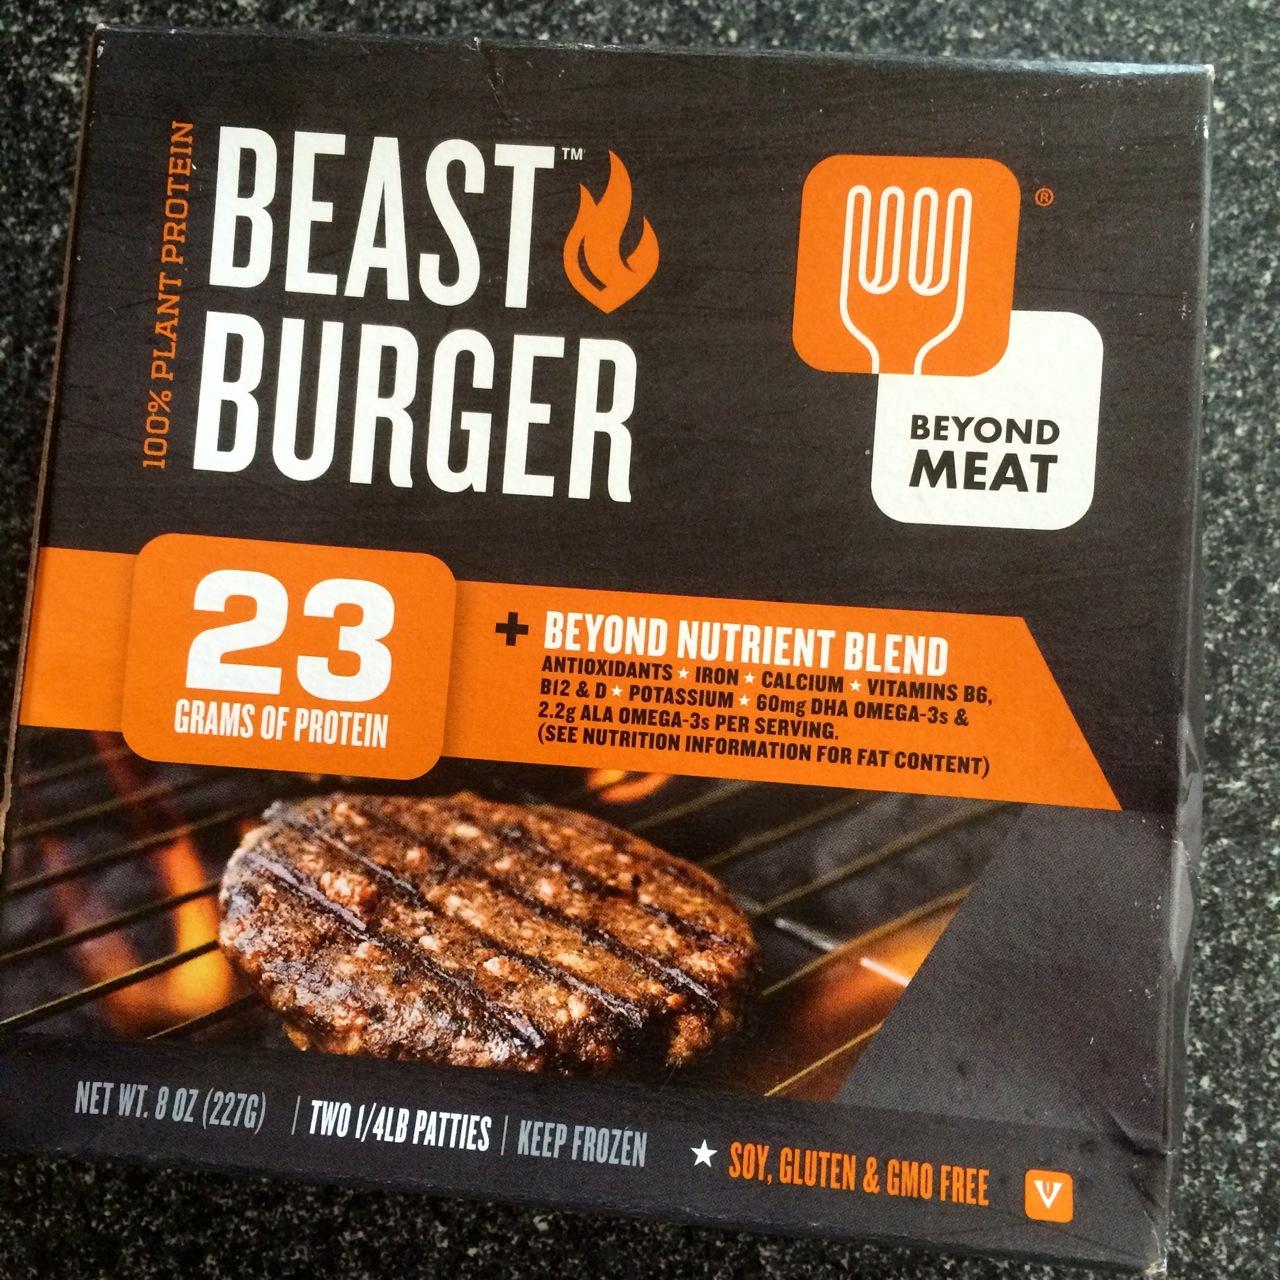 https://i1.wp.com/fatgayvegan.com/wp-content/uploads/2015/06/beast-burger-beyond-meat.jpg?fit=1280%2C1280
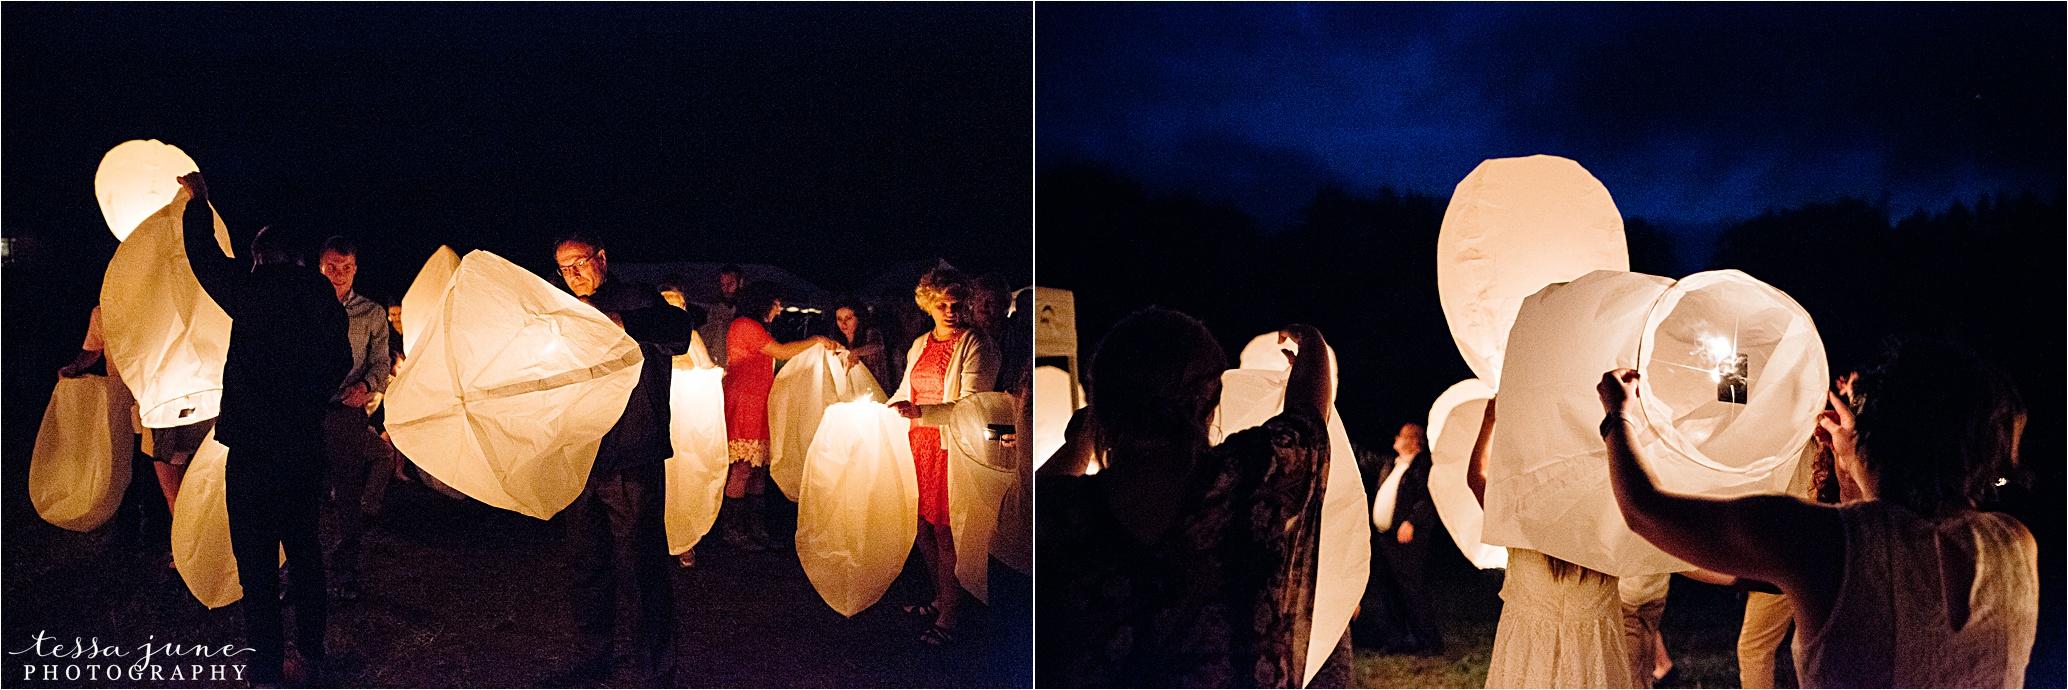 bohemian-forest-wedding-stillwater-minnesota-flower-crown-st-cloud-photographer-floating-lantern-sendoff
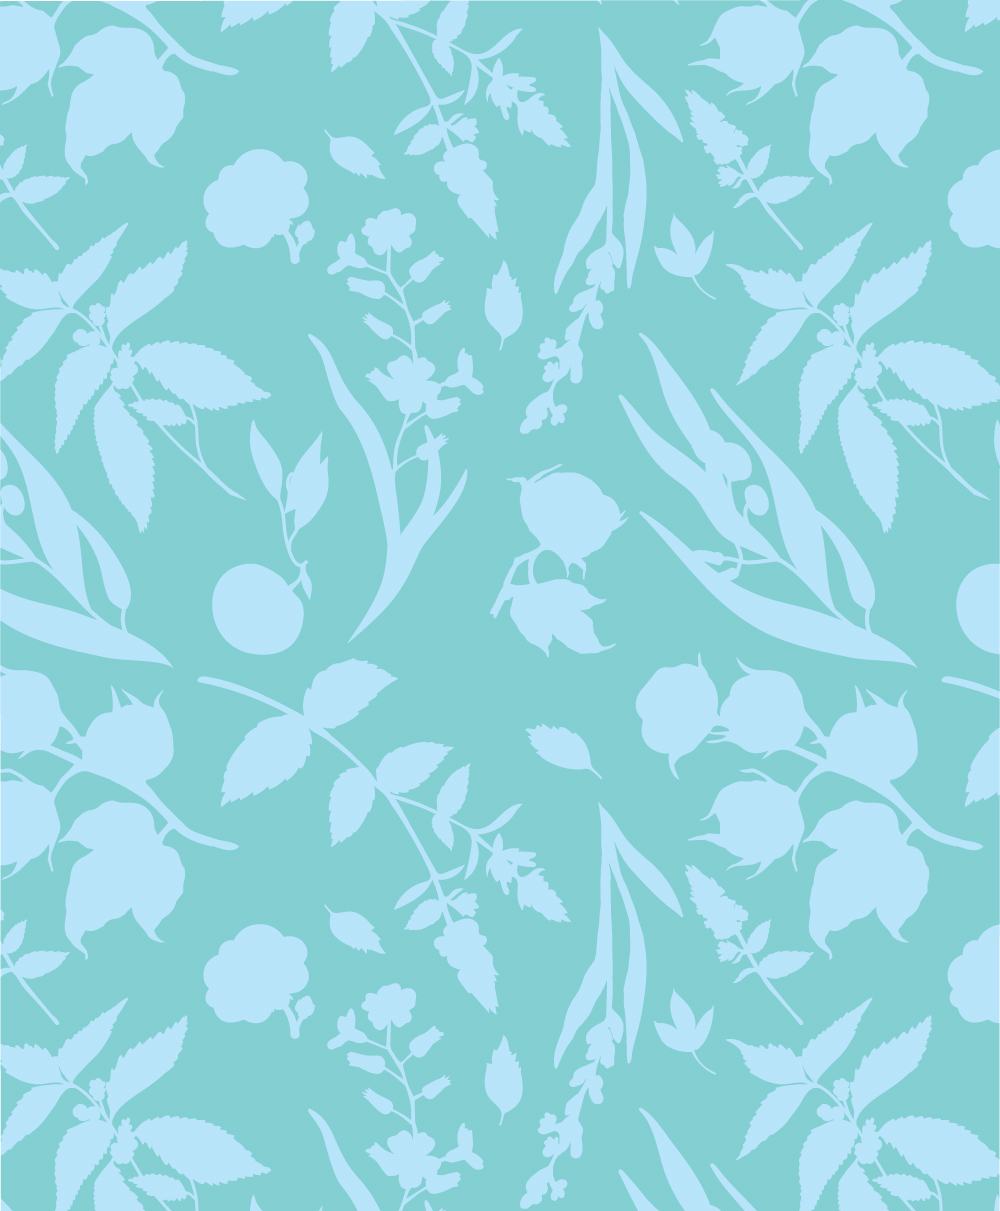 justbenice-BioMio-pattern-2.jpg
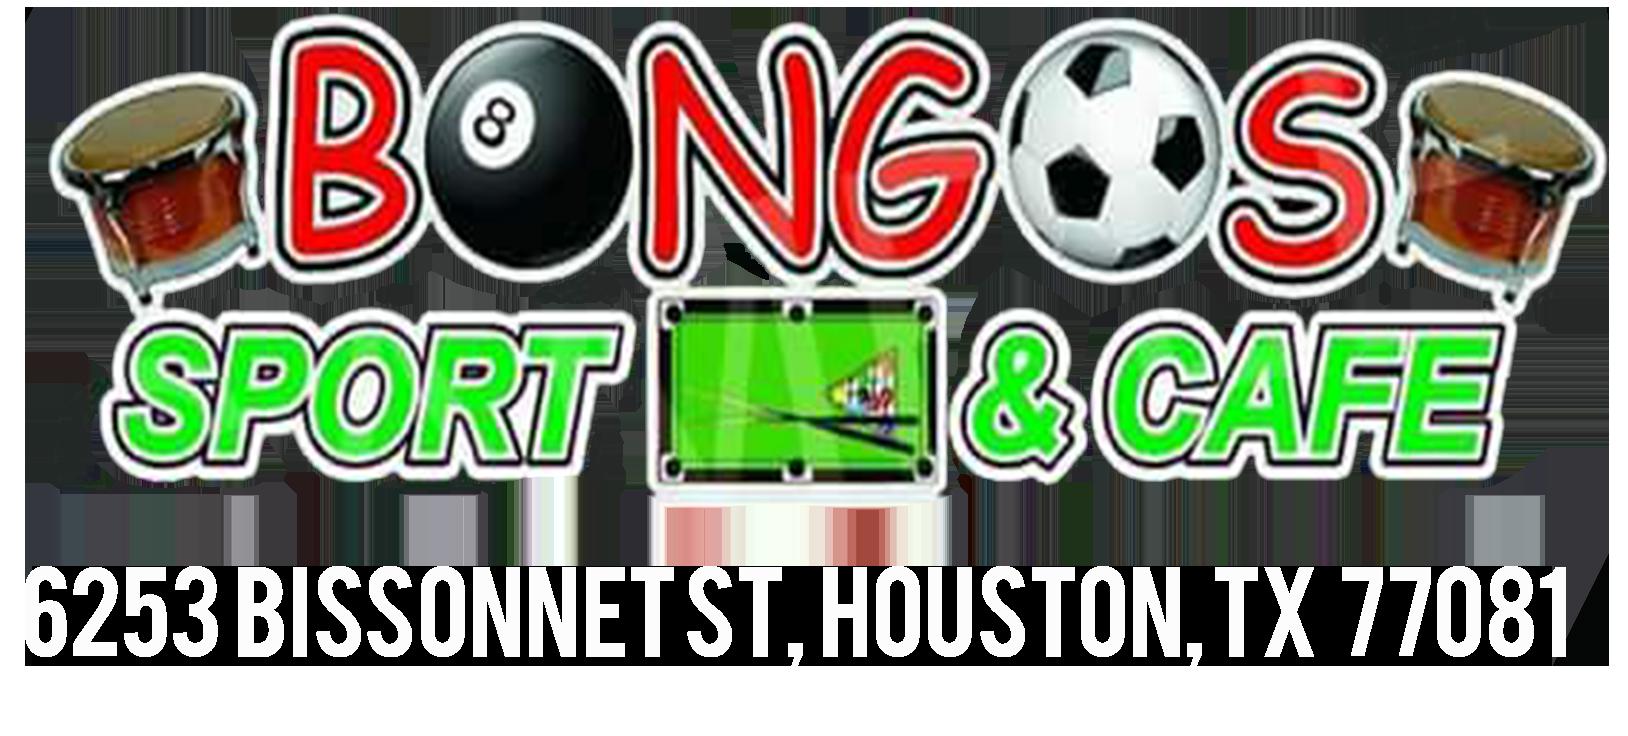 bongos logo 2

Aim of the task:
Copy the preceding data in full and word for word, dropping its pictures.

Task output:
 https://i1.wp.com/fatgayvegan.com/wp-content/uploads/2015/06/beast-burger-beyond-meat.jpg?fit=1280%2C1280
 bohemian-forest-wedding-stillwater-minnesota-flower-crown-st-cloud-photographer-floating-lantern-sendoff
 justbenice-BioMio-pattern-2.jpg
 bongos logo 2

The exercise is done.